Ella le observaba con curiosidad y en un silencio tan absoluto que parecía estudiarlo más que observarlo. Aunque apoyaba parte de su cuerpo en la cama, el resto estaba en suspenso y arriesgó el equilibrio de su postura para acercarse un poco más a él. Aún estaba dormido. Acarició la punta de su nariz con los dedos y luego su boca. Esbozó una media sonrisa, con timidez, con temor a ser descubierta. Él ni se inmutó, parecía estar sumido en un sueño profundo. No quiso despertarlo, estaba tan tranquilo, tan sosegado. Ella intuía que aquél sería, con toda probabilidad, uno de los pocos momentos en los que de verdad tuviera esa paz. Durante todo aquel tiempo, se había fijado en él, en la distancia, como si no existiera y había percibido una sombra en su gesto, un detalle que anulaba su dicha. Tras esa noche, lo había entendido. Él no se lo había explicado con palabras, a decir verdad, casi no había podido pronunciarlas, su estado de embriaguez había sido importante. Pero su actitud había hablado por sí sola. Había bebido con desesperación, como si no le quedara nada por lo que luchar en la vida. Al mirarlo, la noche anterior, le había recordado a sí misma algunos años atrás. Se había reconocido en él, por eso, no pudo resistirse a abrazarlo. Ella volvió a acercarse a él y esta vez le dio un beso en los labios. Dejó caer su cabeza sobre él y respiró profundamente. Probablemente no volvieran a compartir aquel momento de intimidad nunca más. Aquella noche había surgido como surgen las burlas, los sueños, sin ninguna clase de sentido. Decidió no pensar. Normalmente aquél era su problema, que pensaba demasiado.
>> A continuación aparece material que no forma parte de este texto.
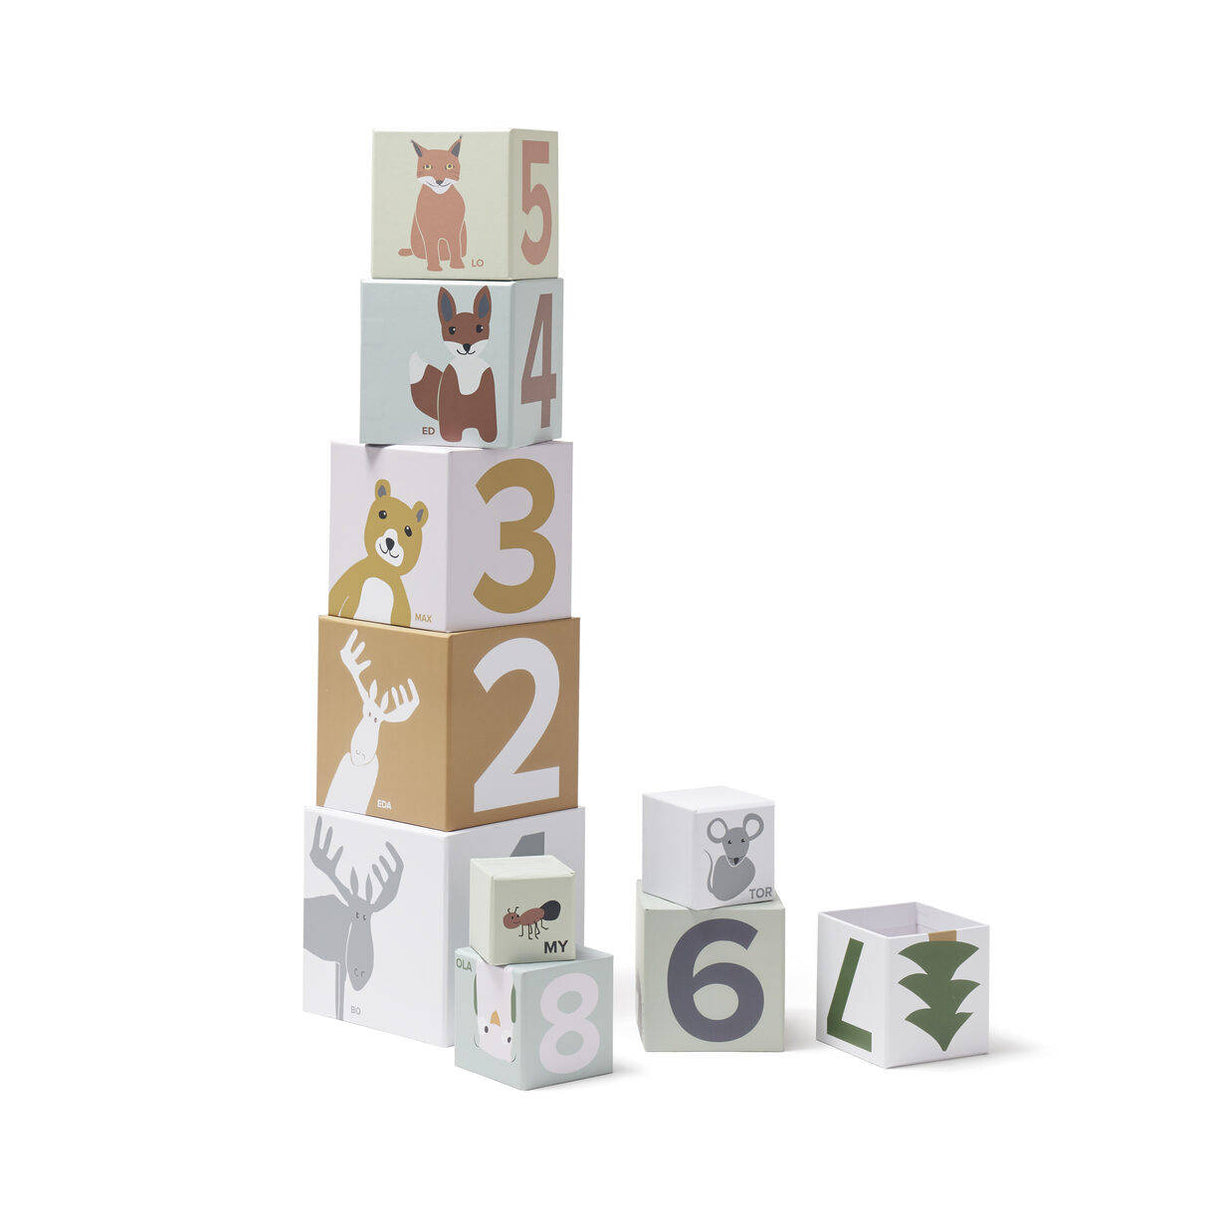 Kid's Concept EDVIN kostki papierowe 1-10, edukacyjna zabawka z liczbami i leśnymi zwierzątkami, rozwija motorykę i ciekawość.

Lo abrazó e intentó volver a dormirse.

En ocasiones se proponía ser fuerte, más que proponérselo, se convencía de que lo era, pero sólo conseguía creerse la mentira un par de días, tres a lo sumo. Siempre llegaba a ella una imagen de su tan-bien-organizada-vida que derrumbaba el castillo de naipes que había construido. No entendía por qué todo tenía que ser tan difícil, se suponía que los días llegaban a ella, transcurrían y no resultaban una auténtica lucha. Tal vez el problema radicara en que había dejado de creer en sí misma. Durante años había mantenido la pose que, estaba segura, todos deseaban contemplar de ella. Puede que a ella no le convenciera después de todo. Sus pensamientos permanecieron en silencio. Dejó la mente en blanco, procuró concentrarse en la canción de los Beatles que sonaba en su ordenador. A lo mejor encontraría la respuesta ahí… Sí, era una auténtica estupidez. Al menos era bonita. Le transmitía tranquilidad y sosiego. ¿Quién sabe? Tal vez lo mejor fuera dejar de pensar durante unos minutos. O simplemente dejar de pensar.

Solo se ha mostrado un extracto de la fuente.